Delisting or Suspension of Trading in the Depository Receipts of the Reference Asset and Termination of the Reference Asset
If the depository receipts of the Reference Asset are delisted from, or trading of depository receipts of the Reference Asset is suspended on, the relevant exchange and a major U.S. exchange or market lists or approves for trading successor or substitute securities that the Calculation Agent determines, in its sole discretion, to be comparable to the depository receipts of the Reference Asset (any such trading successor or substitute securities, the “successor shares”), such successor shares will be deemed to be the Reference Asset for all purposes relating to the notes, including for purposes of determining whether a market disruption event exists.  Upon any selection by the Calculation Agent of successor shares, the Calculation Agent will cause notice thereof to be furnished to us and the trustee and we will provide notice thereof to the registered holders of the notes.
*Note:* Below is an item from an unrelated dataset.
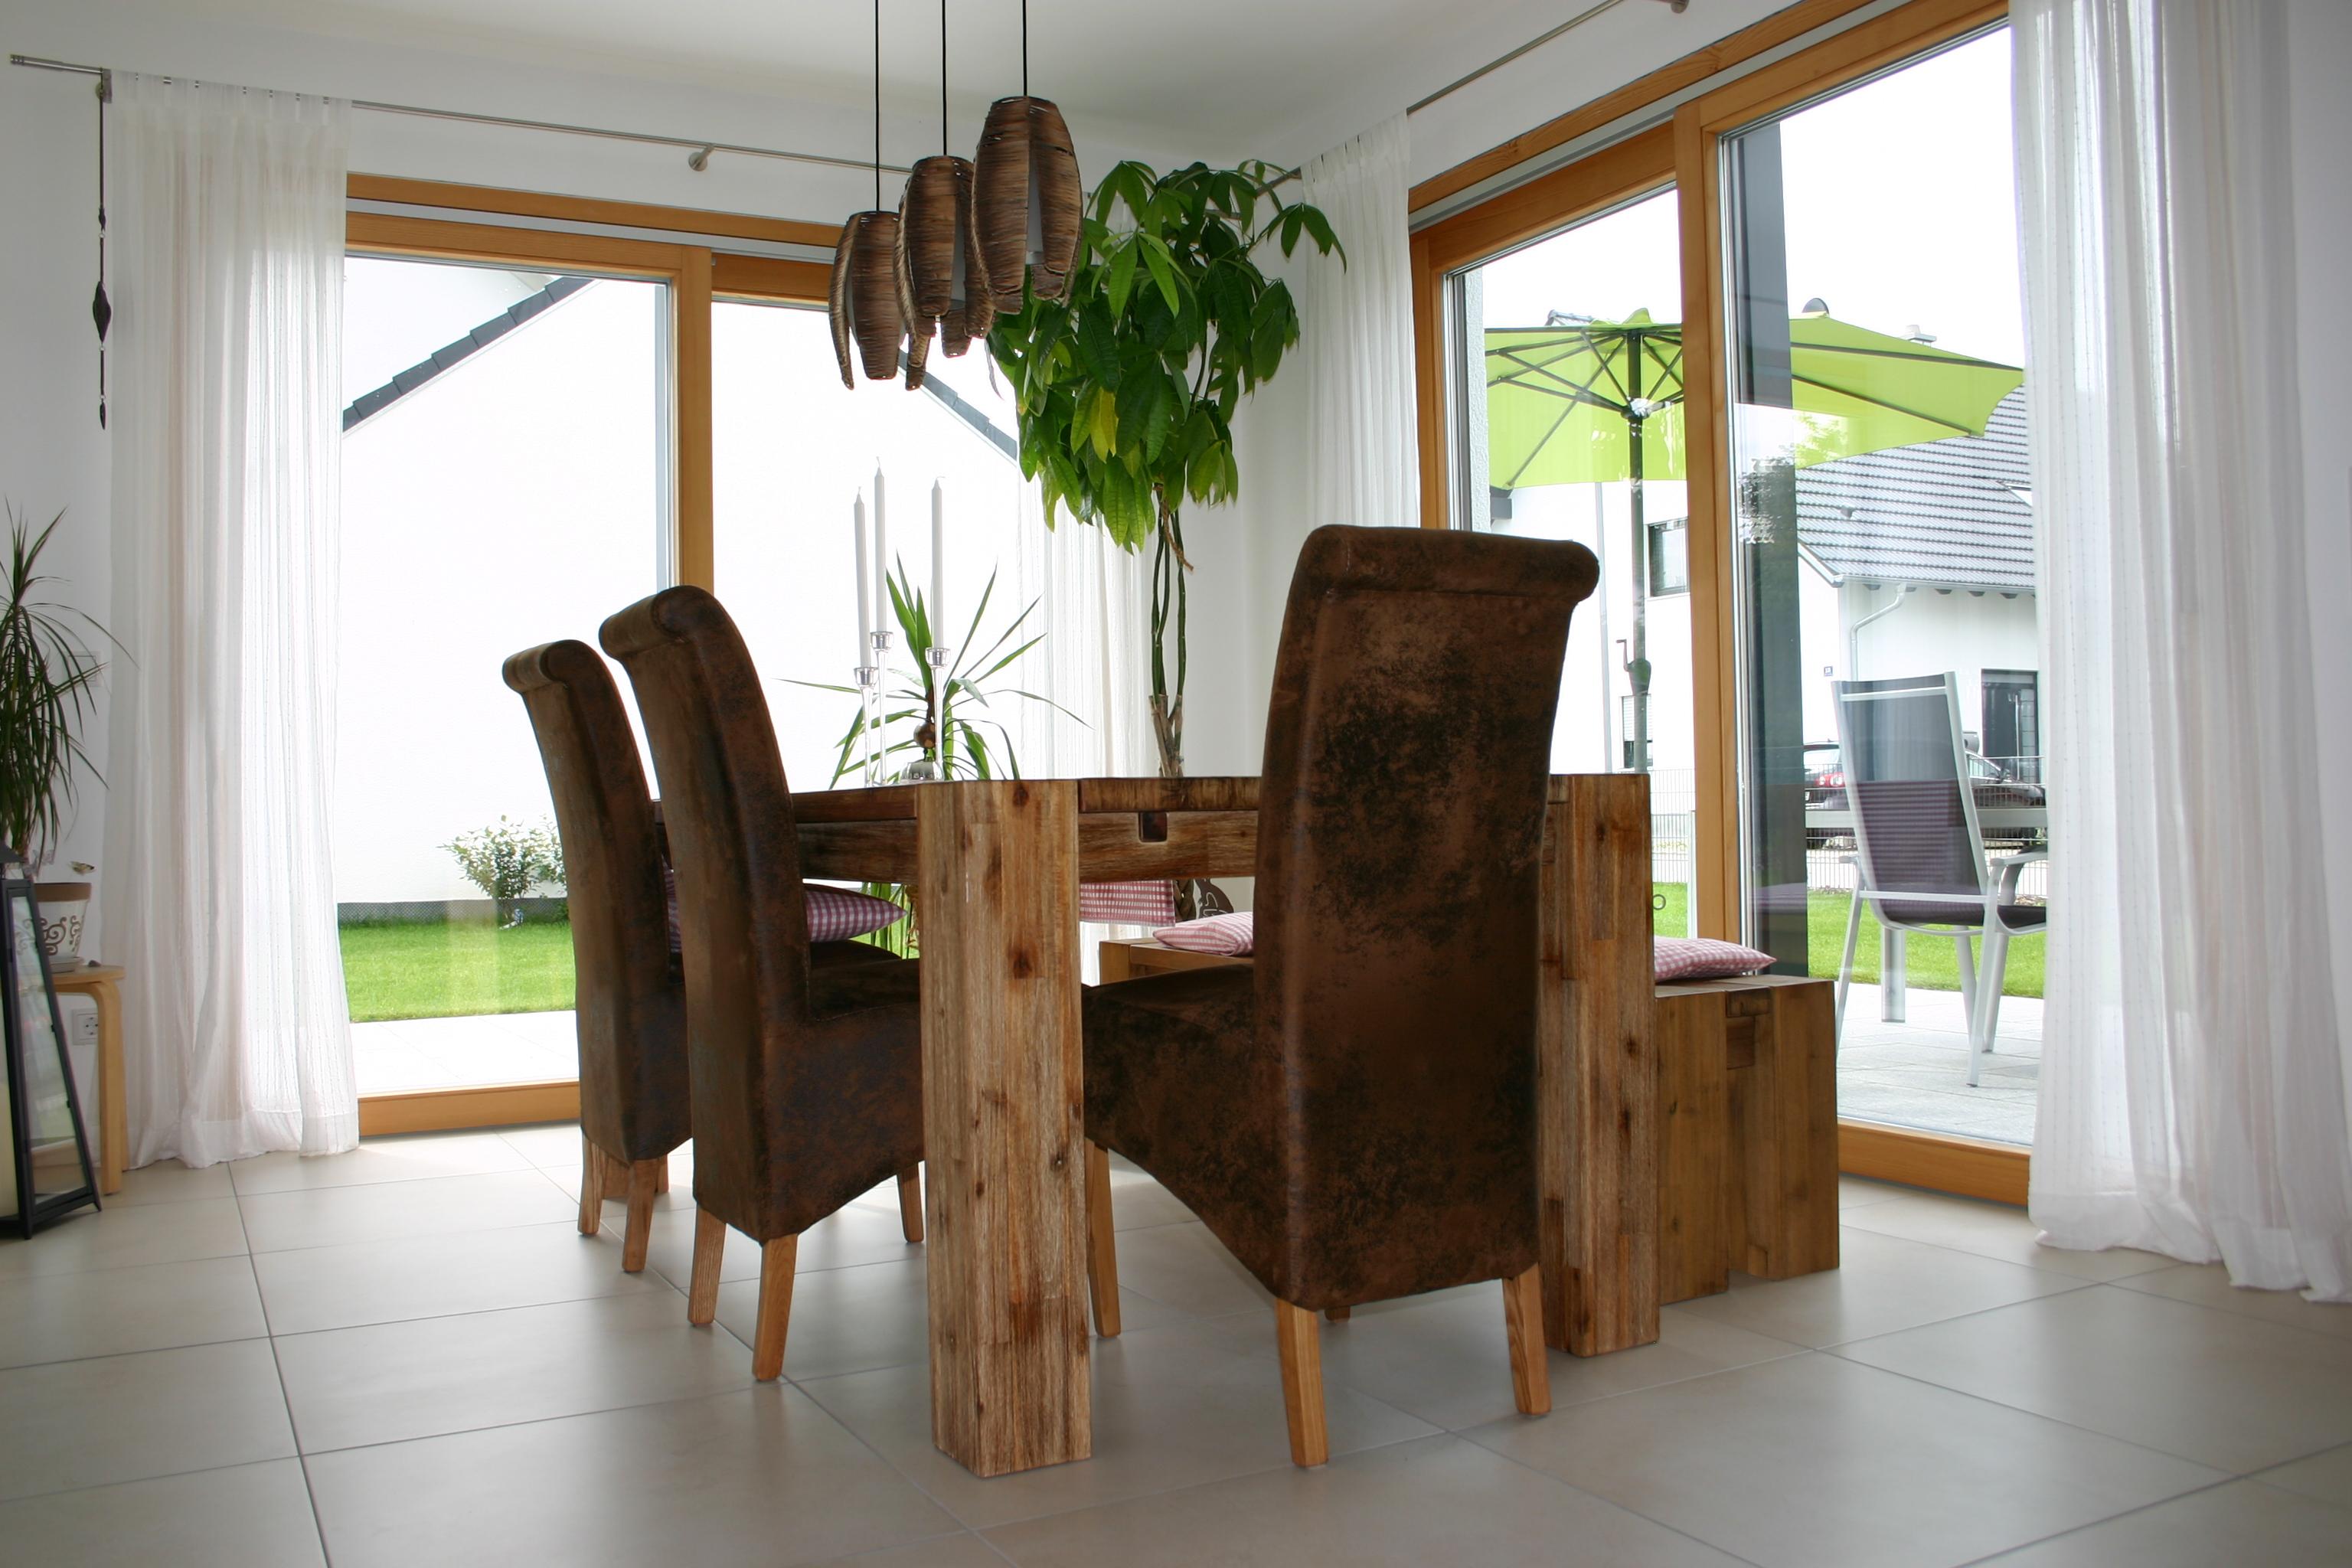 Fenster archive for Wintergarten einrichtung modern

If a termination event (as defined below) occurs, the Calculation Agent shall accelerate the Maturity Date to the day which is five business days after the announcement date (as defined below).  On the accelerated Maturity Date, the issuer shall pay to each noteholder the Payment at Maturity and for the purposes of that calculation, the Final Value of the Reference Asset will be deemed to be the Closing Market Price on the scheduled trading day immediately prior to the announcement date.  In addition, the Calculation Agent shall adjust the Payment at Maturity for the value of the imbedded options that would preserve for a holder of notes the economic equivalent of any remaining payment obligations with respect to the notes hereunder.  The “announcement date” means the day of the first public announcement of a termination event. The Calculation Agent will cause notice of the termination event and calculation of the final price as described above to be furnished to us and the trustee and we will provide notice thereof to registered holders of the notes.
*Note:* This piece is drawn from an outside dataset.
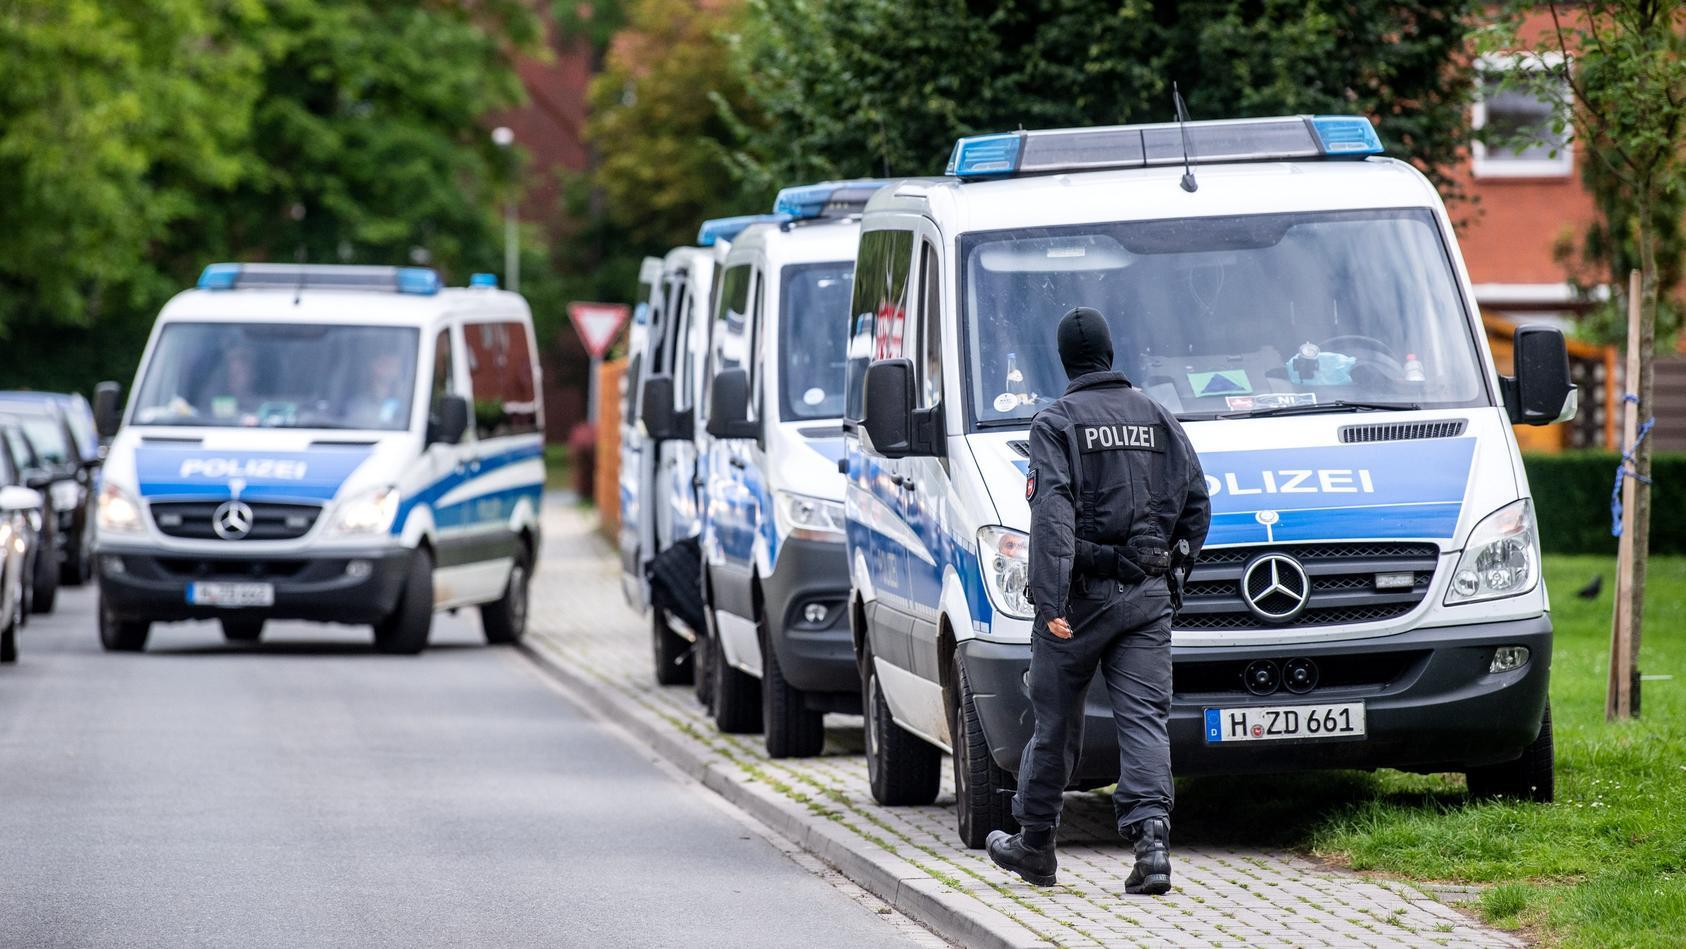 Bei der Razzia in Wilhelmshaven wurden mehr als 30 Objekte durchsucht.

A “termination event” means the occurrence of any event which would result in a dissolution of the Reference Asset and a distribution of all underlying depository receipts of the Reference Asset to holders of the Reference Asset, including, but not limited to:
(a) a delisting from trading of the Reference Asset on the relevant exchange whereby successor shares that the Calculation Agent determines to be comparable to the depository receipts of the Reference Asset are not listed or approved for trading on a major U.S. exchange or market;
(b) the resignation of the trustee of the reference without the appointment of a successor trustee;
(c) the vote of 75% of owners of the Reference Asset vote to dissolve and liquidate the Reference Asset; and
(d) any other event that would lead to the termination or liquidation of the Reference Asset.

Notwithstanding the above alternative arrangements, the liquidation or termination of the Reference Asset may adversely affect the market value of the notes.

All determinations made by the Calculation Agent will be at the sole discretion of the Calculation Agent and will be conclusive for all purposes and binding on the holders of notes, absent manifest error.

Supplemental Plan of Distribution (Conflicts of Interest)
 
Pursuant to the terms of a distribution agreement, HSBC Securities (USA) Inc., an affiliate of HSBC, will purchase the notes from HSBC for distribution to J.P. Morgan Securities Inc.  J.P. Morgan Securities Inc. will act as placement agent for the notes and will receive a fee that will not exceed $5.00 per $1,000 principal amount of notes.
 
In addition, HSBC Securities (USA) Inc. or another of its affiliates or agents may use the pricing supplement to which this free writing prospectus relates in market-making transactions after the initial sale of the notes, but is under no obligation to do so and may discontinue any market-making activities at any time without notice.
 
See “Supplemental Plan of Distribution” on page S-52 in the prospectus supplement.